Third Embodiment Further, in the DC-DC converter of FIG. 5 using a half bridge for the inverter 3, the control windings 25 and 27 of the saturable reactors 7.8 and the rectifier diodes 17 and 18 are connected in series. The circuits are connected to half-bridge DC power supplies 31 and 32, respectively, and the energy accompanying reset of the saturable reactors 7 and 8 is supplied to the DC power supply 3 and 3.
Regenerated to 1.32. The operation of the DC-DC converter is performed in the same manner as in the first embodiment shown in FIG.

(Fourth Embodiment) In FIG. 6, the energy accompanying the reset of the saturable reactors 7, 8 is regenerated to the other voltage sources 36, 37.

[0019]

As described above, according to the present invention, the energy of the saturable reactor can be regenerated by the load or the input DC power supply and reset. Thus, a DC-DC converter with high efficiency and stable operation can be obtained. In addition, a non-square core can be used for the saturable reactor, so that a large-capacity reactor can be used at low cost.

[Brief description of the drawings]

FIG. 1 is a diagram showing a circuit configuration of a DC-DC converter according to a first embodiment of the present invention.

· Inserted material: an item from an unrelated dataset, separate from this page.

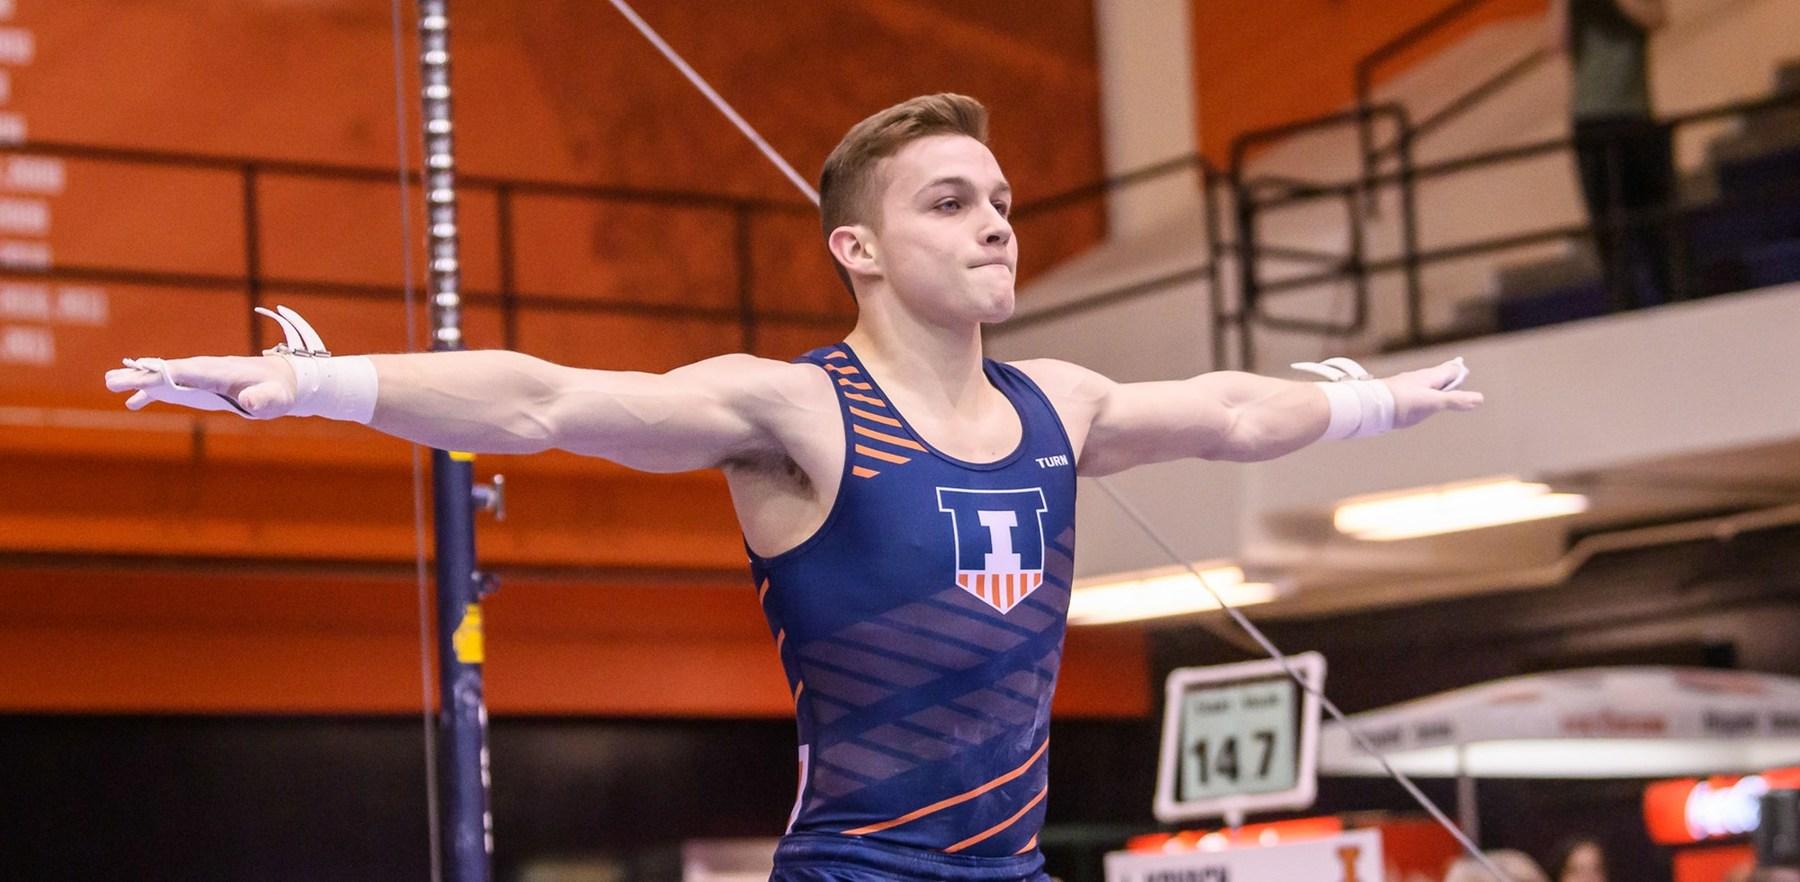 freshman gymnast Michael Fletcher

FIG. 2 is a time chart at the time of operation of the DC-DC converter of FIG. 1 of the present invention.

FIG. 3 shows a characteristic diagram of an iron core of a saturable reactor used for the DC-DC converter of the present invention.

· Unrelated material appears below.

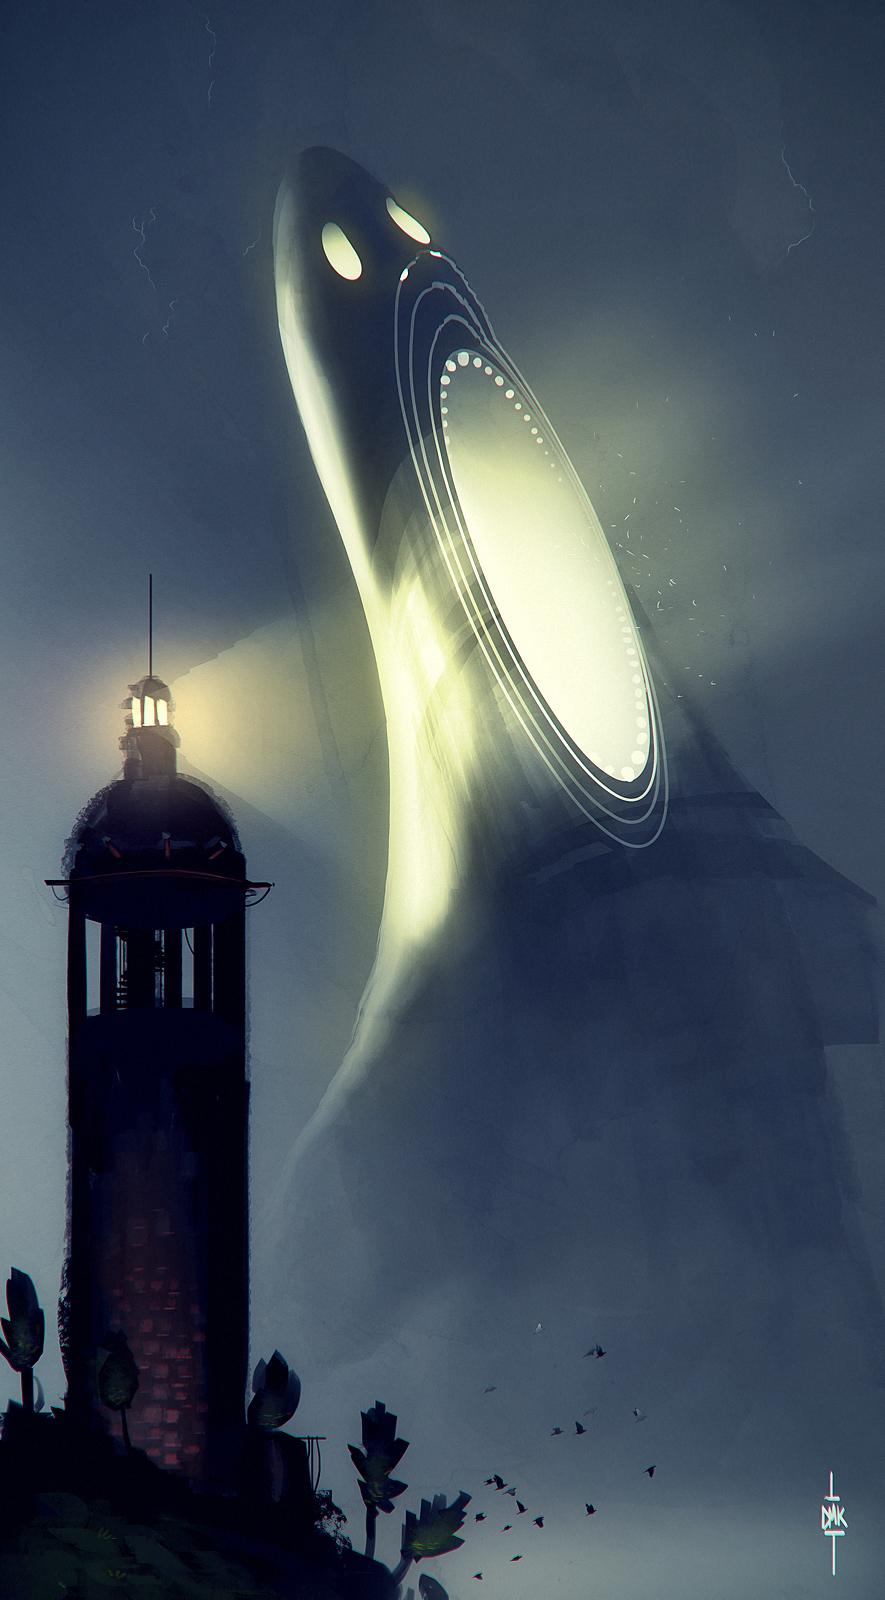 Night in the Lighthouse - Dumaker

FIG. 4 is a diagram showing a circuit configuration of a DC-DC converter according to a second embodiment of the present invention.

FIG. 5 is a diagram showing a circuit configuration of a DC-DC converter according to a third embodiment of the present invention.

FIG. 6 is a diagram showing a circuit configuration of a DC-DC converter according to a fourth embodiment of the present invention.

FIG. 7 is a diagram showing a circuit configuration of a conventional DC-DC converter.

[Explanation of symbols]

 DESCRIPTION OF SYMBOLS 1 DC-DC converter main body 2 ・ 31 ・ 32 DC power supply 3 Inverter circuit 4 Transformer 5 ・ 6 ・ 17 ・ 18 Rectifying diode 7.8 Saturable reactor 24 ・ 26 Load winding of saturable reactor 25 ・ 27 Saturable reactor Control winding 9 feedback diode 10 DC reactor 11 smoothing capacitor 12 load 15 voltage detection circuit 16 control circuit

 ──────────────────────────────────────────────────続 き Continuation of the front page (56) References JP-A-61-288775 (JP, A) JP-A-57-75571 (JP, A) JP-A-62-37066 (JP, A) 26812 (JP, U) Actually open 60-114587 (JP, U)

Claims (4)

(57) [Claims] 1. A DC-DC converter having an inverter circuit on an input side, a saturable reactor on an output side thereof, and a feedback circuit for making an output voltage constant, wherein a control winding of the saturable reactor is provided. A DC-DC converter, wherein a series circuit of a line and a rectifying diode is directly connected to an output. 2. A DC-DC converter having an inverter circuit on the input side, a saturable reactor on the output side, and a feedback circuit for keeping the output voltage constant. A DC-DC converter, wherein a series circuit of a line and a rectifying diode is directly connected to an input of the inverter circuit. 3. A DC-DC converter having an inverter circuit on the input side, a saturable reactor on the output side, and a feedback circuit for keeping the output voltage constant. A DC-DC converter, wherein a series circuit of a line and a rectifying diode is directly connected to another voltage source. 4. The DC-DC converter according to claim 1, wherein the core of the saturable reactor is a core having non-square characteristics.